Fig. 2.

RemA activates transcription from specific promoters in vitro. In vitro transcription reactions were carried out in 100 mM KCl with 20 nM σ^A containing RNAP holoenzyme and 50 ng of supercoiled plasmid DNA with the indicated promoters cloned upstream of tandem transcription terminators.

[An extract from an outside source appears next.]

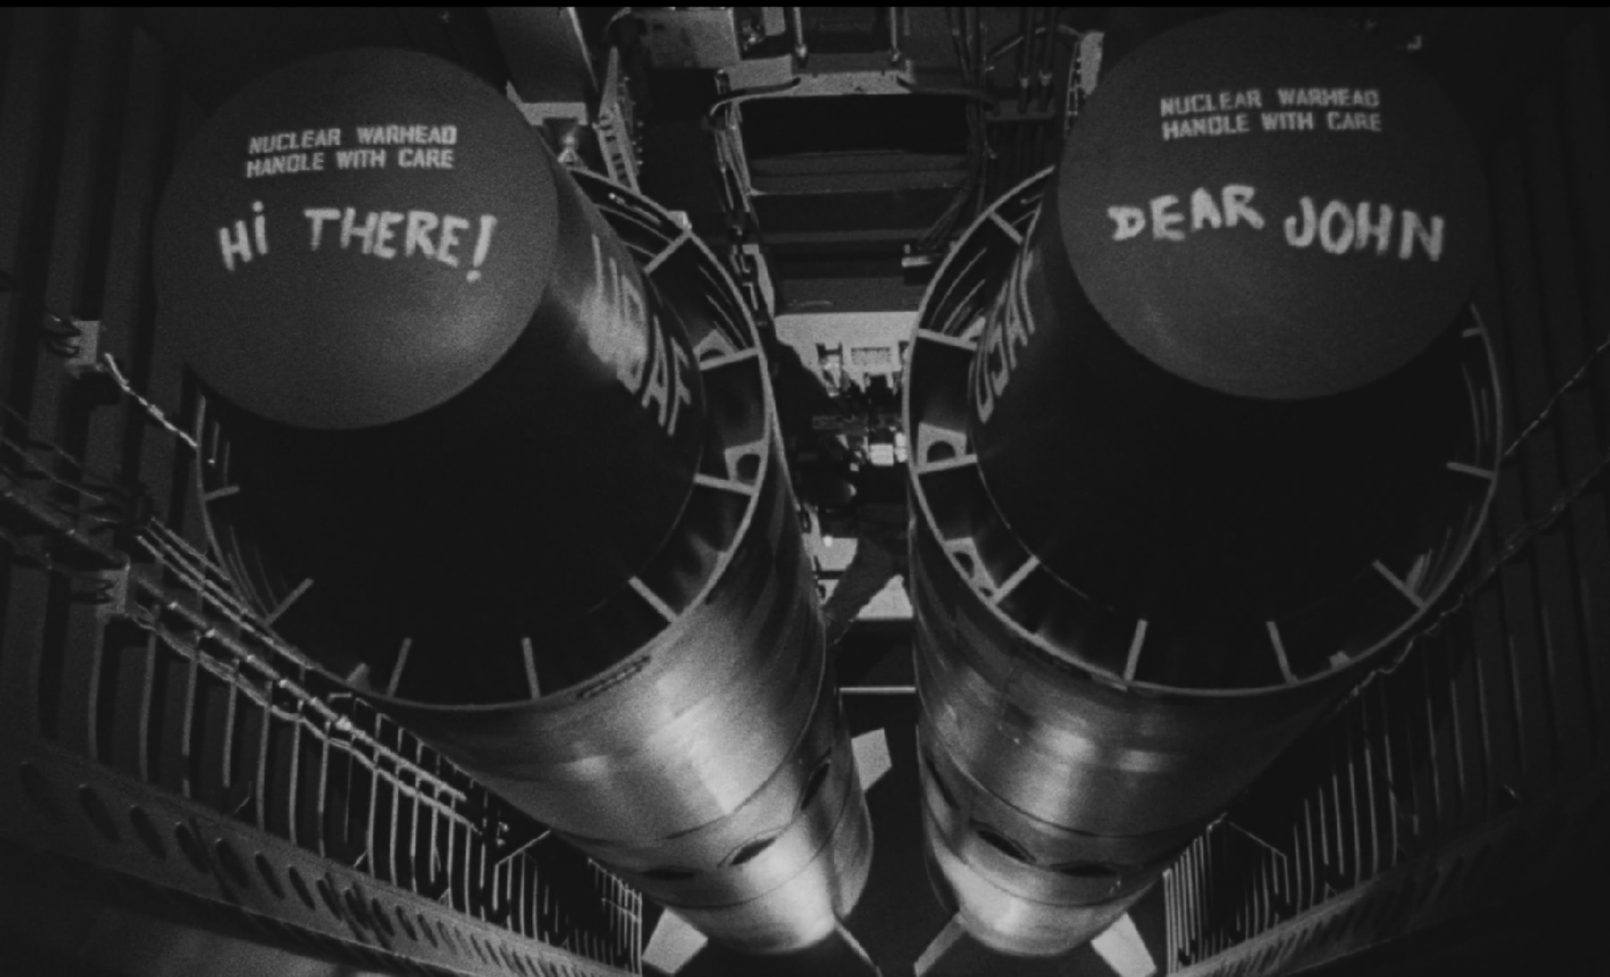 Nuclear-Warheads-Hi-There-and-Dear-John.

A. RemA–MBP (700 nM), LacZ–MBP (700 nM) or SinR (400 nM) were added to in vitro transcription reactions containing the followingpromoters cloned upstream of tandem transcription terminators: P_eps (−452 to +35), P_eps^improved (−452 to +35 with the −35 element changed from TTTAAA to TTGAAA), lacUV5 (−60 to +40), P_tapA (−168 to +65) or P_opuA (−173 to +26).

B. In vitro transcription reactions were carried out with supercoiled plasmid containing P_eps promoter DNA with the indicated number of nucleotides upstream of the transcription start site cloned upstream of tandem transcription terminators. The downstream promoter end-point was +35 in each case. RemA–MBP (700 nM) or RemA–MBP storage buffer were added to each reaction. Relative transcription was determined by dividing the intensity in each lane by the intensity in lane 2. The indicated values for relative transcription are the averages from three different experiments.

C. In vitro transcription reactions were carried out with supercoiled plasmid containing 700 nM RemA–MBP and either WT P_eps (−452 to +35)or P_eps promoter fragments containing the indicated Δremsite34 or Δremsite56 deletions.